Correction: what i meant to say is, there are two cases:

  1. X == Y, in which case we do not care about use count. this implicitly handles the case where both operands are the same instruction
  2. either operand is one-use

Correction: what i meant to say is, there are two cases:

  1. X == Y, in which case we do not care about use count. this implicitly handles the case where both operands are the same instruction
  2. either operand is one-use

I'd add one more case where one operand has one use and an other more than one. We check this for zext in mul_bools_use2 and for sext in mul_bools_sext_use1 and mul_bools_sext_use2 (they seem to differ only in operand's order, should it be the same for zext?).

Regarding your cases...

I can be wrong, but we do care about use count when X == Y because the way how we optimize depends on it. Look at the example below

declare void @use(i32)
define i32 @src(i1 %x, i1 %y) {
  %zx = zext i1 %x to i32
  %r = mul i32 %zx, %zx
  call void @use(i32 %zx)
  ret i32 %r
}

If there is more than one user (or 2 uses in other words), we cannot replace

%zx = zext i1 %x to i32
%r = mul i32 %zx, %zx

by

%r = and i1 %x, %y
%zy = zext i1 %r to i32

because zx has another user (call of @use(i32)). Otherwise, we need to leave zx as-is. I'm not sure if we should do this (would it be beneficial?). I didn't intend to handle this particular case as a part of that patch.
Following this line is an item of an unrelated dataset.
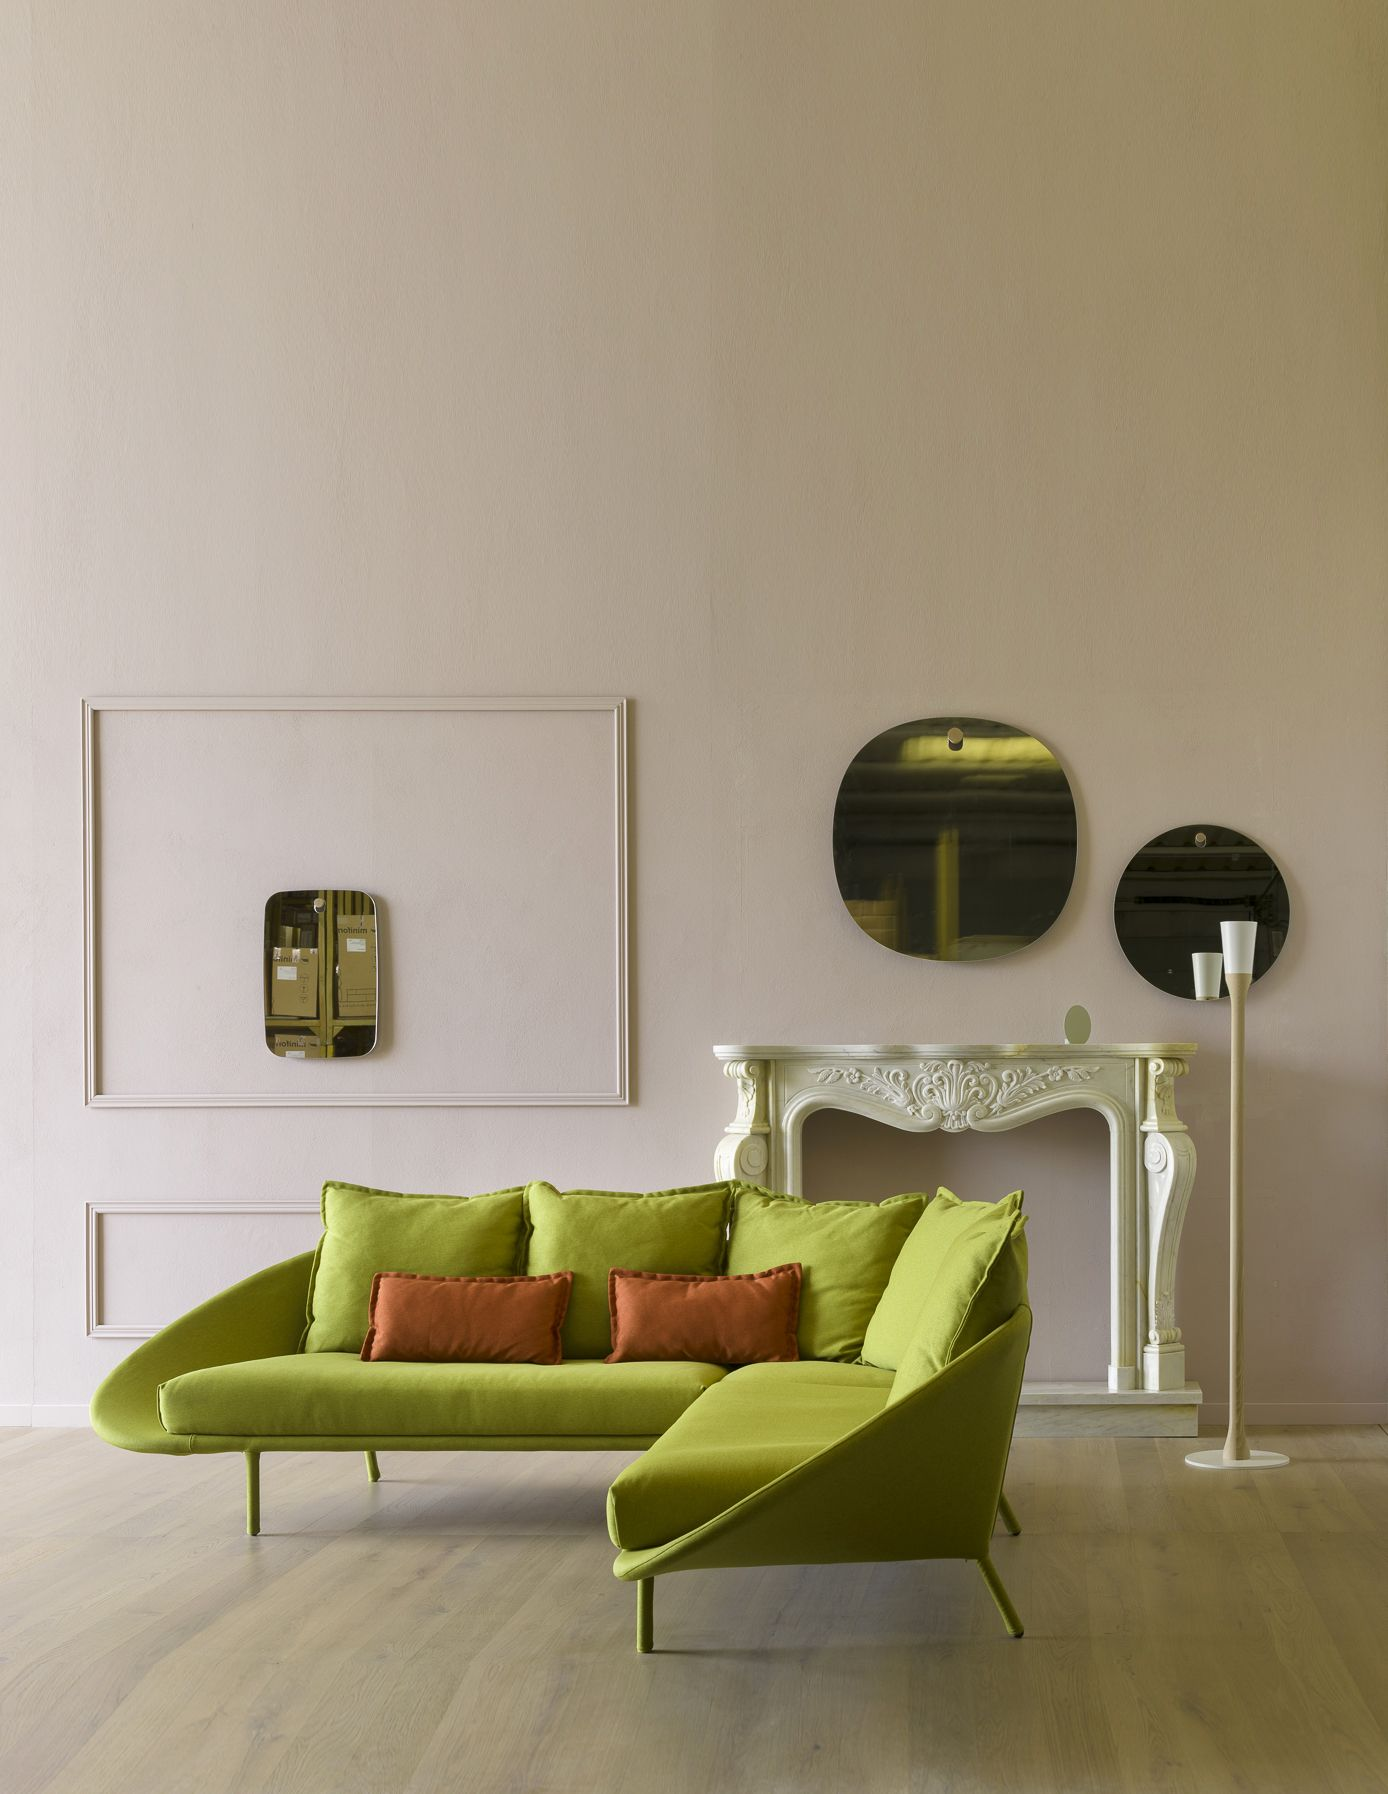 Lem Sofa In A Neo Classical Setting Miniforms Sofa Homedecor Interiordesign Interior Furniture White Interior Home Decor
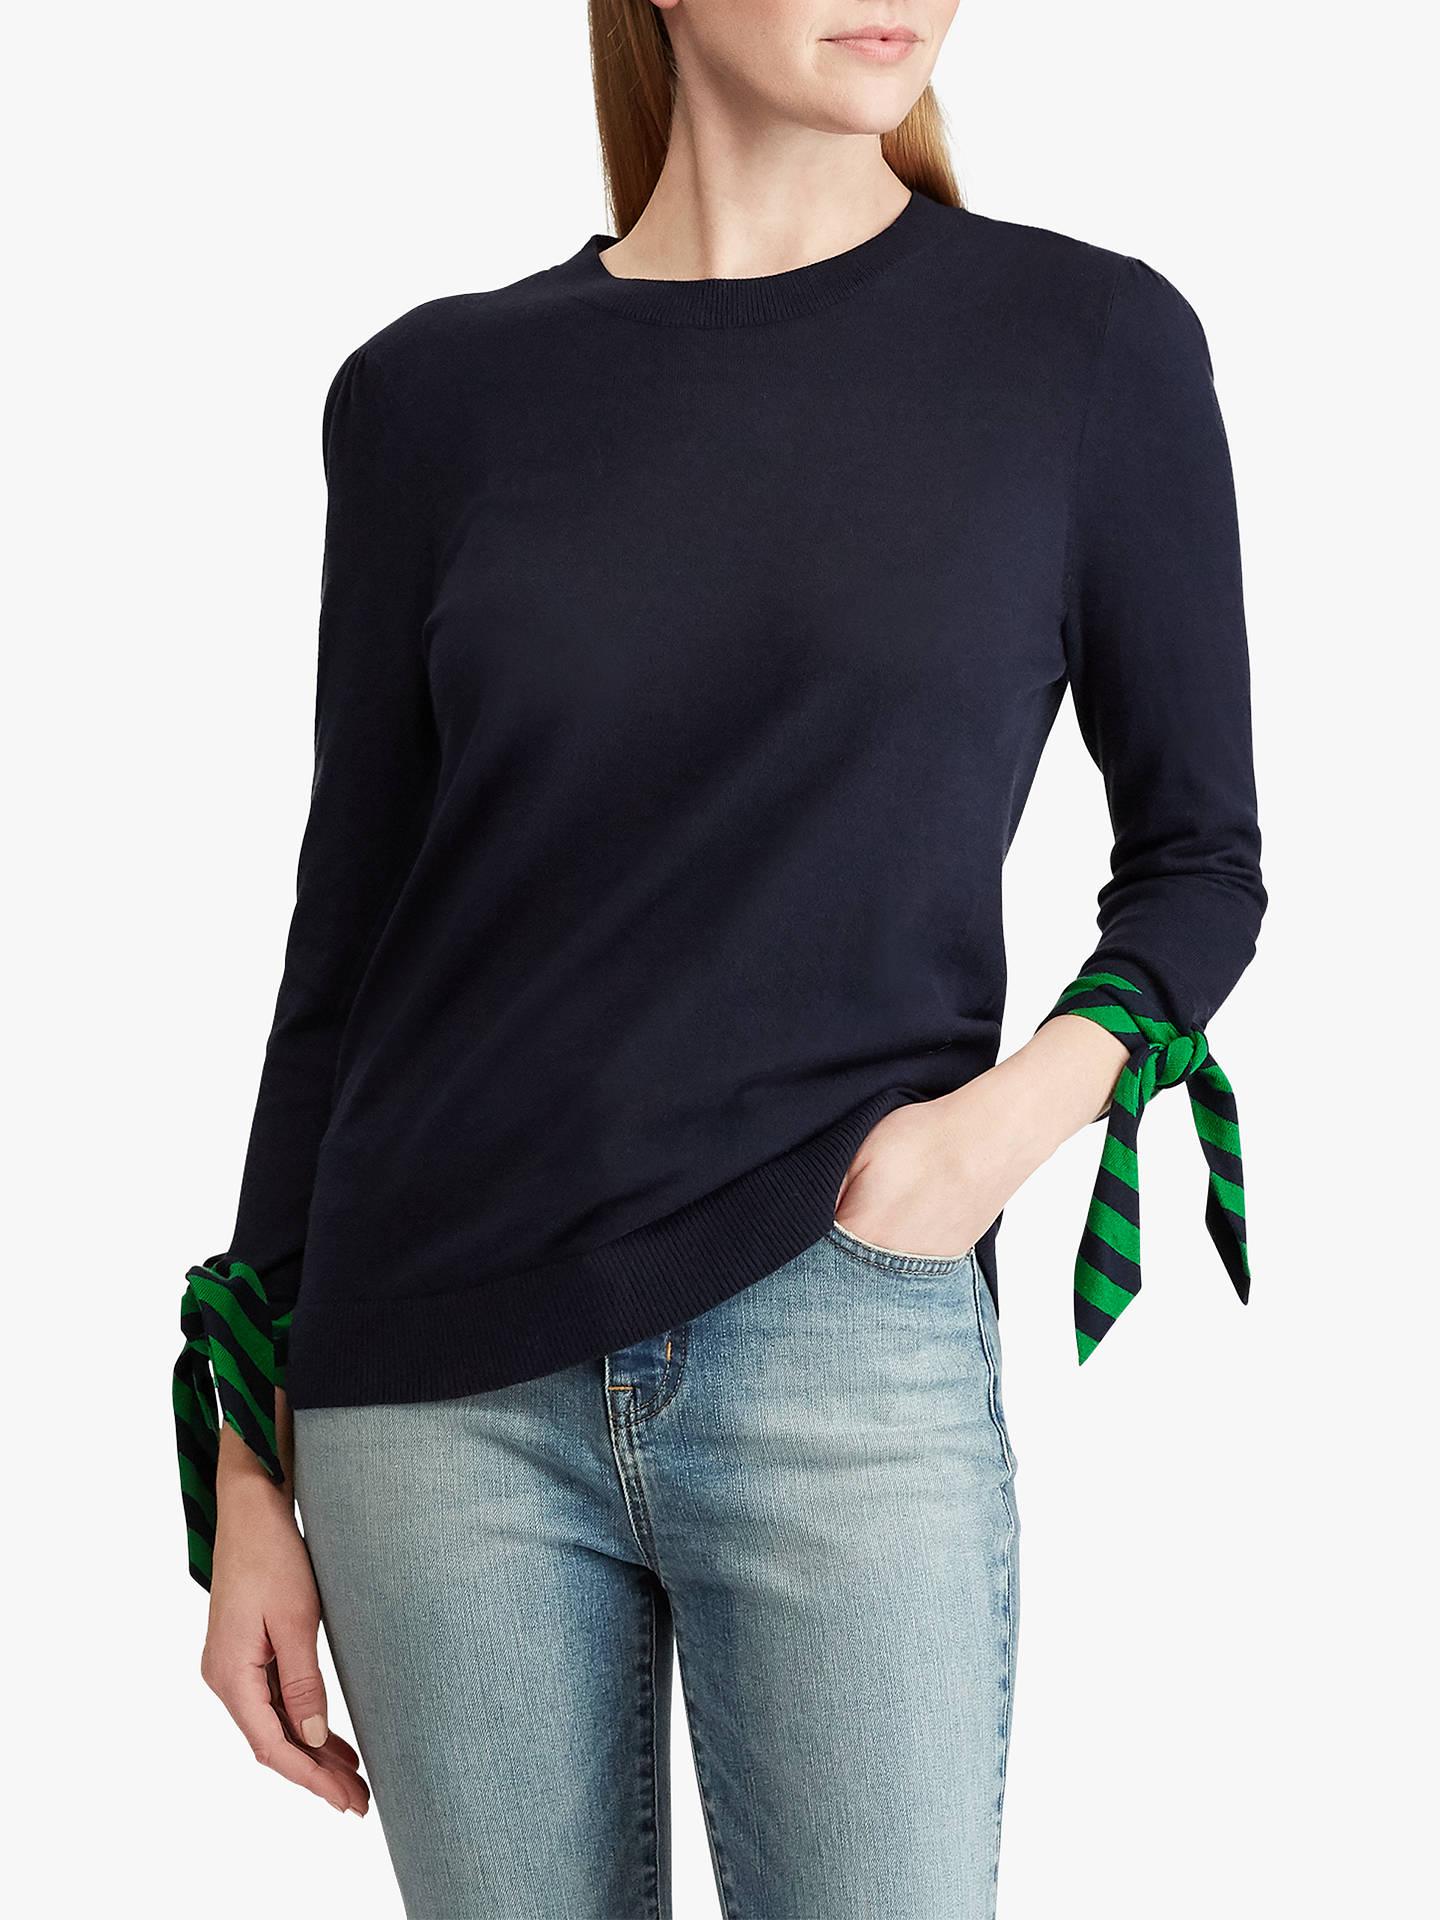 BuyLauren Ralph Lauren Sumati Tie Sleeve Jumper 3e961f393aa

The second case where either of ops has one use. Yes, it must be legal to do such a transformation when both ops has one use and they are different instruction. As an addition alive says it is correct. Previously, it was Op0->hasOneUse() || Op1->hasOneUse() and when there is one use, then there is one user so it must be equivalent to I.isOnlyUserOfAnyOperand() in that case.

I guess, tests like mul_bools_sext_use2 must partially check the second case, but yes, there are no tests like.

define i32 @func(i1 %x, i1 %y) {
  %sx = sext i1 %x to i32
  %sy = sext i1 %y to i32
  %r = mul i32 %sy, %sx
  ret i32 %r

I'll update the diff

I think I should update the patch because LLVM already handles zext

%sx = zext i1 %x to i32
%r = mul i32 %sx, %sx
ret i32 %r

Correction: what i meant to say is, there are two cases:

  1. X == Y, in which case we do not care about use count. this implicitly handles the case where both operands are the same instruction
  2. either operand is one-use

I'd add one more case where one operand has one use and an other more than one. We check this for zext in mul_bools_use2 and for sext in mul_bools_sext_use1 and mul_bools_sext_use2 (they seem to differ only in operand's order, should it be the same for zext?).

Regarding your cases...

I can be wrong, but we do care about use count when X == Y because the way how we optimize depends on it. Look at the example below

declare void @use(i32)
define i32 @src(i1 %x, i1 %y) {
  %zx = zext i1 %x to i32
  %r = mul i32 %zx, %zx
  call void @use(i32 %zx)
  ret i32 %r
}

If there is more than one user (or 2 uses in other words), we cannot replace

%zx = zext i1 %x to i32
%r = mul i32 %zx, %zx

by

%r = and i1 %x, %y
%zy = zext i1 %r to i32

because zx has another user (call of @use(i32)). Otherwise, we need to leave zx as-is. I'm not sure if we should do this (would it be beneficial?). I didn't intend to handle this particular case as a part of that patch.

I'm not sure i follow.
%r = and i1 %x, %x is just %x, is it not?
So you end up with a single zext.

The second case where either of ops has one use. Yes, it must be legal to do such a transformation when both ops has one use and they are different instruction. As an addition alive says it is correct. Previously, it was Op0->hasOneUse() || Op1->hasOneUse() and when there is one use, then there is one user so it must be equivalent to I.isOnlyUserOfAnyOperand() in that case.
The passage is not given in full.